Zeitschrift EE

nt 04 | 2020 Digitalisierung im Energiesektor

Digitalisierung und Erwerbsarbeit

Christine Stelzer-Orthofer

Die Covid-19 Krise hat mittlerweile allen vor Augen geführt, wie unabkömmlich Digitalisierung zur Bewältigung unseres Alltags- und Berufslebens geworden ist. Der Shutdown mutierte zum Homeoffice, begleitet von Home-schooling, Distancelearning, Video-Konferenzen und Online-Shopping. Bezugnehmend auf die Etappen der industriellen Entwicklung, wie die Erfindung der Dampfmaschine oder die Elektrifizierung, wird im Zuge der Digitalisierung von der 4. Industriellen Revolution gesprochen, die Leben und Arbeiten nachhaltig verändern wird. Dem Begriff Industrie 4.0 folgt Arbeit 4.0, wobei unklar ist, welche Rahmenbedingungen und Anforderungsprofile diese kennzeichnen werden.

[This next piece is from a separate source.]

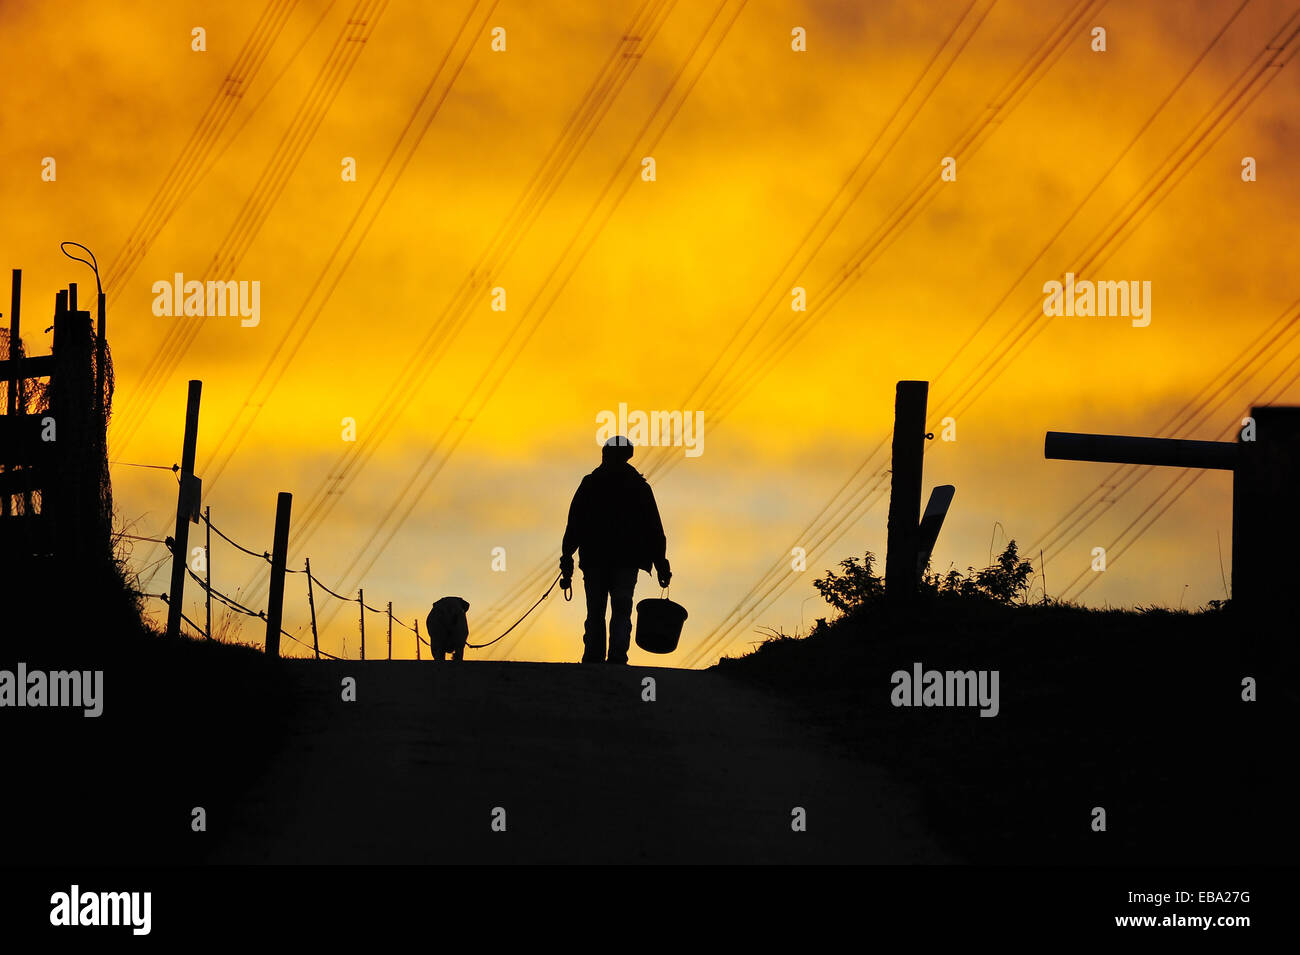 L'homme et le chien à marcher le long chemin, lumière du soir, silhouette, Singscheider Höhe, Essen-Kupferdreh, Rhénanie du Nord-Westphalie, Allemagne Banque D'Images

Die quantitativen Folgen des zunehmenden Einsatzes von (neuen) Informations- und Kommunikationstechnologien werden widersprüchlich antizipiert. Was die Beschäftigungseffekte betrifft, so gehen die einen von einer „digitalen Massenarbeitslosigkeit“ aus. Beispielsweise liegen Prognosen für die USA vor, dass bis zur Hälfte der bestehenden Jobs auf Nimmerwiedersehen verschwinden wird. 1 Andere relativieren diese Schätzungen und stufen sie als Panikmache ein; sie erwarten, dass vorhandene Berufe durch Digitalisierung sich wandeln und zudem neue Tätigkeitsfelder entstehen werden, die längerfristig zu positiven Arbeitsmarkteffekten beitragen und Beschäftigungszuwachs ermöglichen könnten. 2 Eine für den österreichischen Arbeitsmarkt erstellte Studie kommt zum Schluss, dass – ohne Berücksichtigung von positiven Beschäftigungseffekten – etwa 9 Prozent der Beschäftigten „ein Tätigkeitsprofil aufweisen, welches ein hohes Potential hat, durch Maschinen ersetzt zu werden“. 3 International recht einhellig fällt der Befund aus, dass das Automatisierungs- bzw. Digitalisierungsrisiko im Besonderen für niedrig Qualifizierte, GeringverdienerInnen und Hilfskräfte relativ hoch sein wird.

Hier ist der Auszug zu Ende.